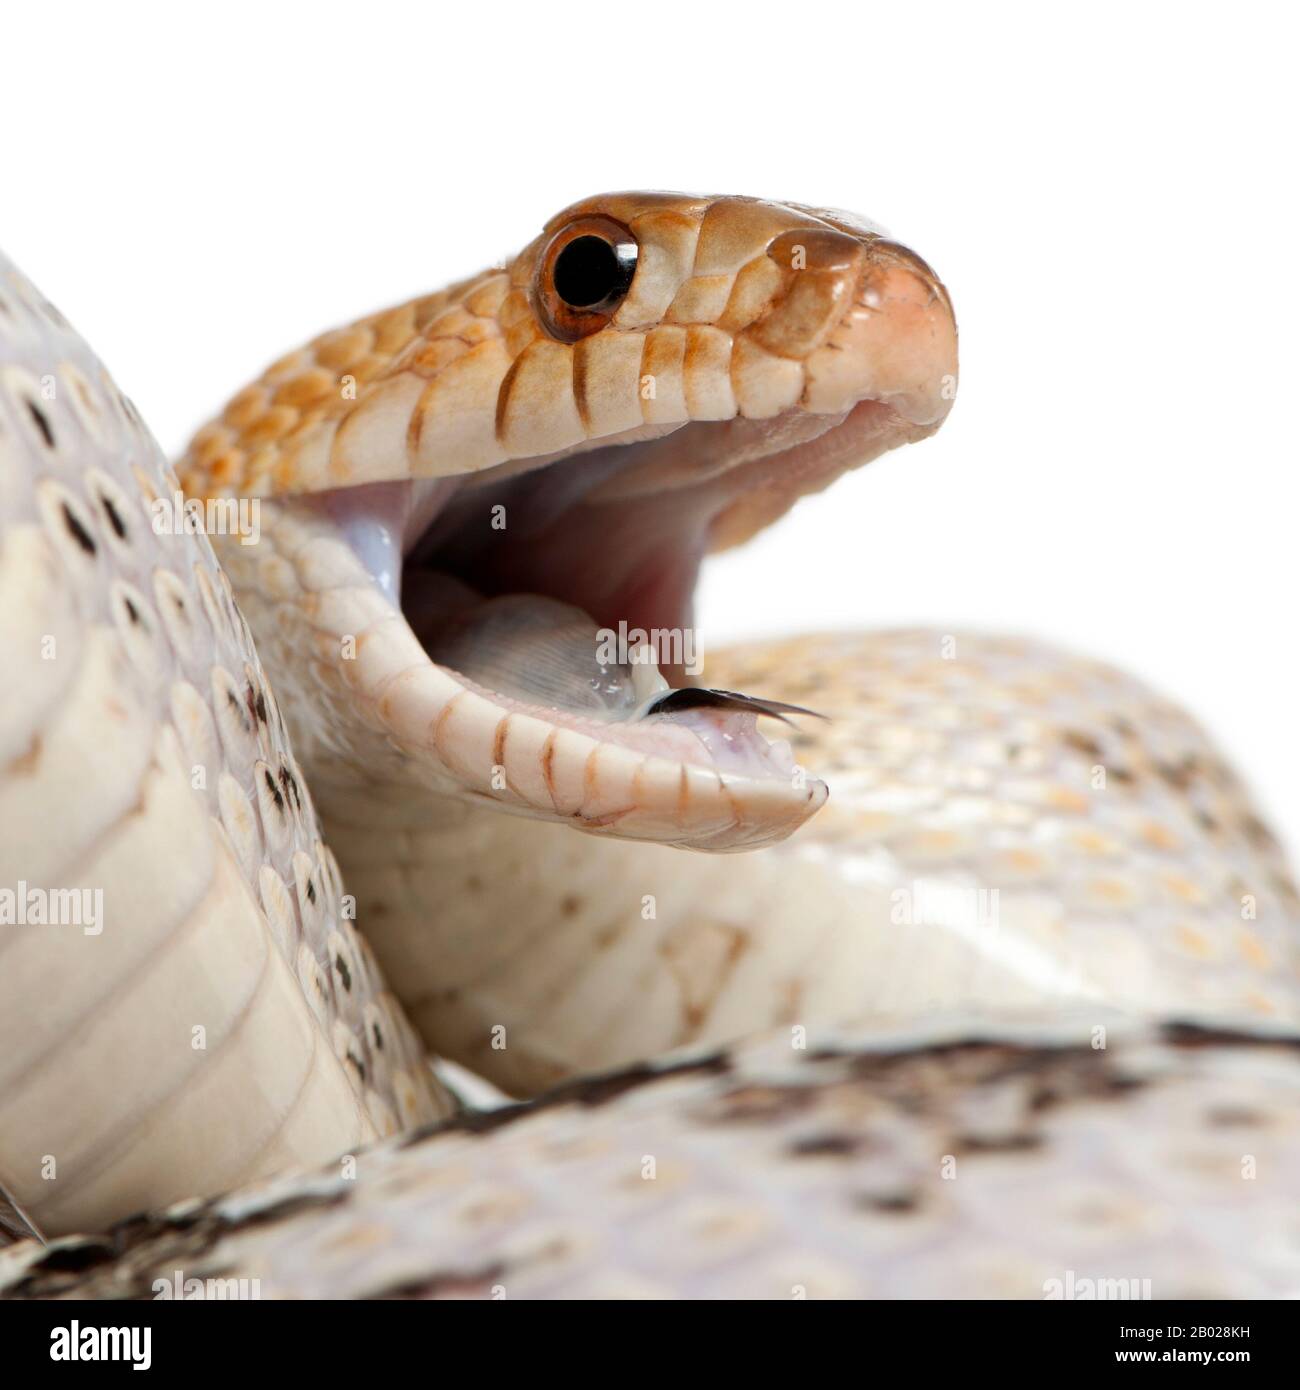 Pacific gopher snake also known as Coast gopher snake, western gopher snake, Pituophis catenifer, a colubrid species in front of white background Stock Photo
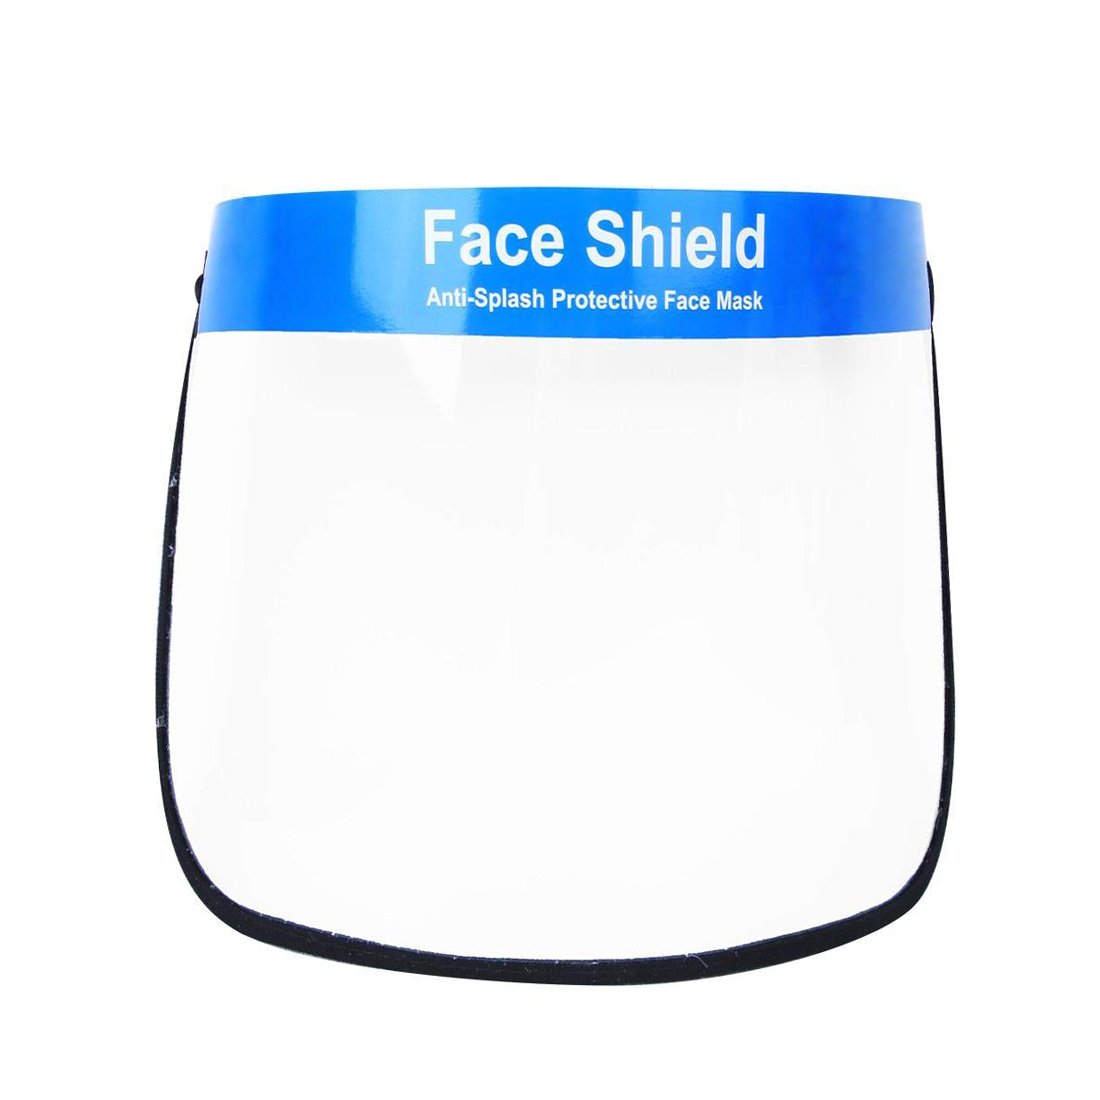 Transparent Full Face Protective Visor with Eye & Head Protection Shield
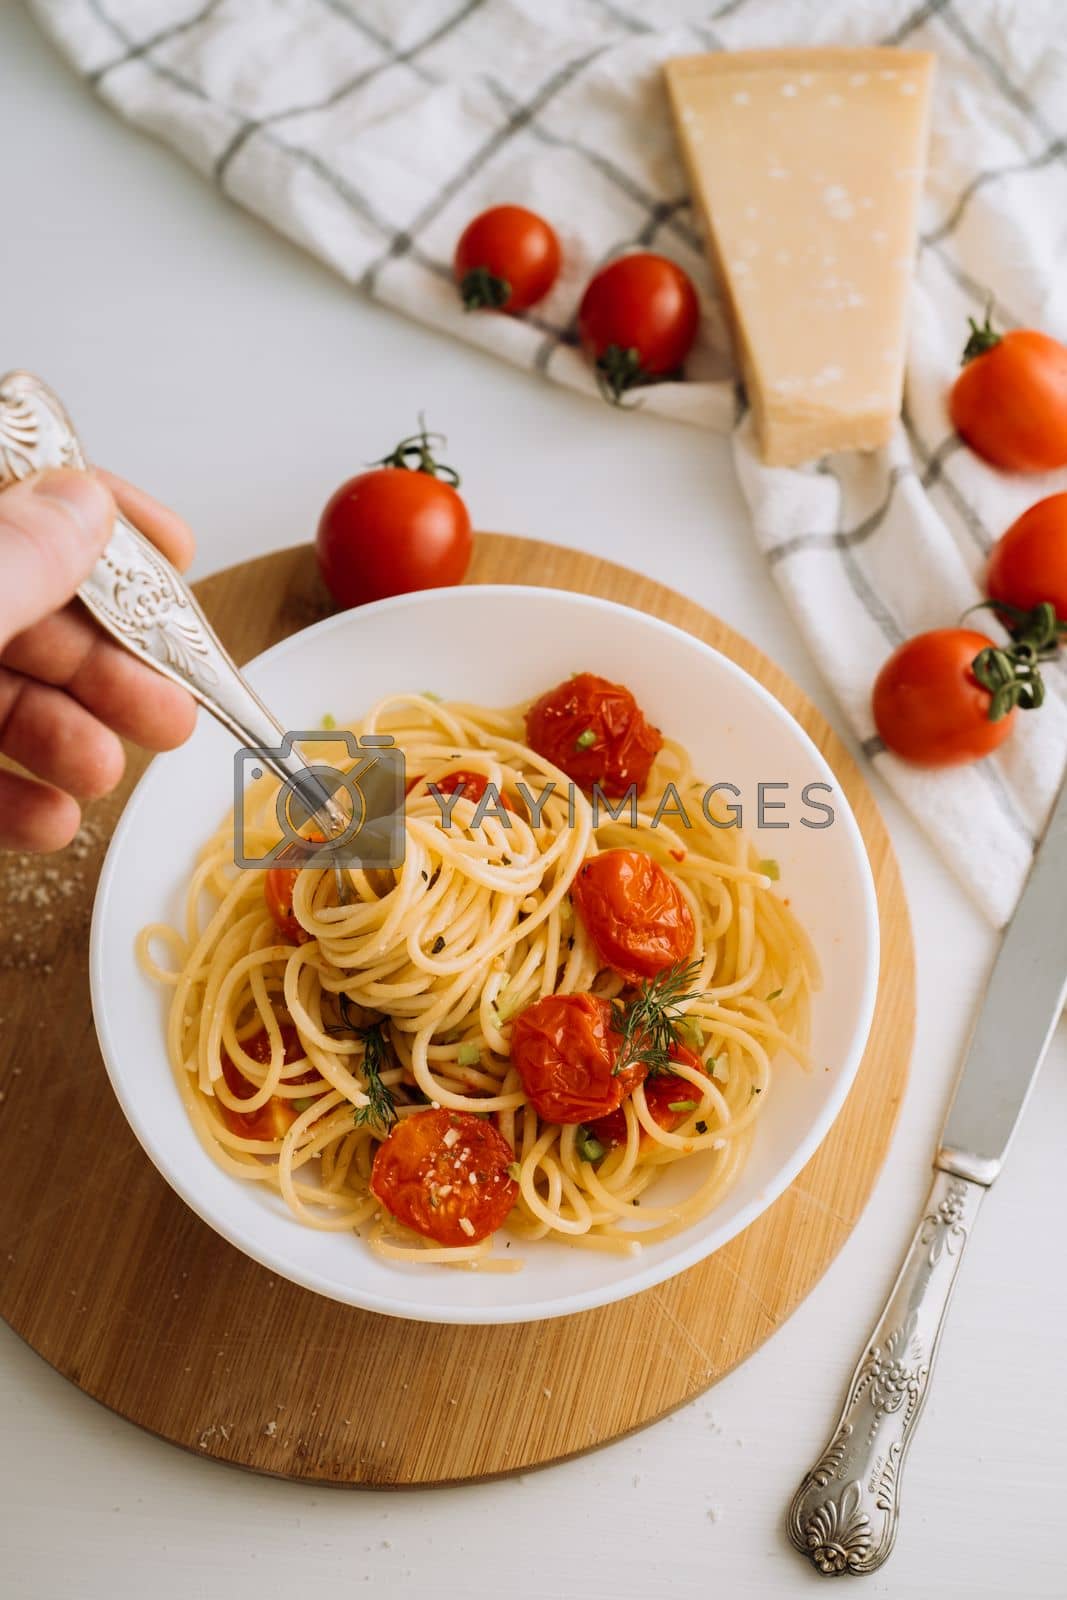 Royalty free image of Portion of spaghetti pasta with parmesan and cherry tomatoes sprinkled with spices in a plate on a wooden board by Romvy

§ **WHAT NEEDS TO BE DONE**: Leave out the pictures, and write out all the remaining data above exactly.

§ **WRITTEN RESPONSE**:
 Pacific gopher snake also known as Coast gopher snake, western gopher snake, Pituophis catenifer, a colubrid species in front of white background Stock Photo
 Transparent Full Face Protective Visor with Eye & Head Protection Shield
 Royalty free image of Portion of spaghetti pasta with parmesan and cherry tomatoes sprinkled with spices in a plate on a wooden board by Romvy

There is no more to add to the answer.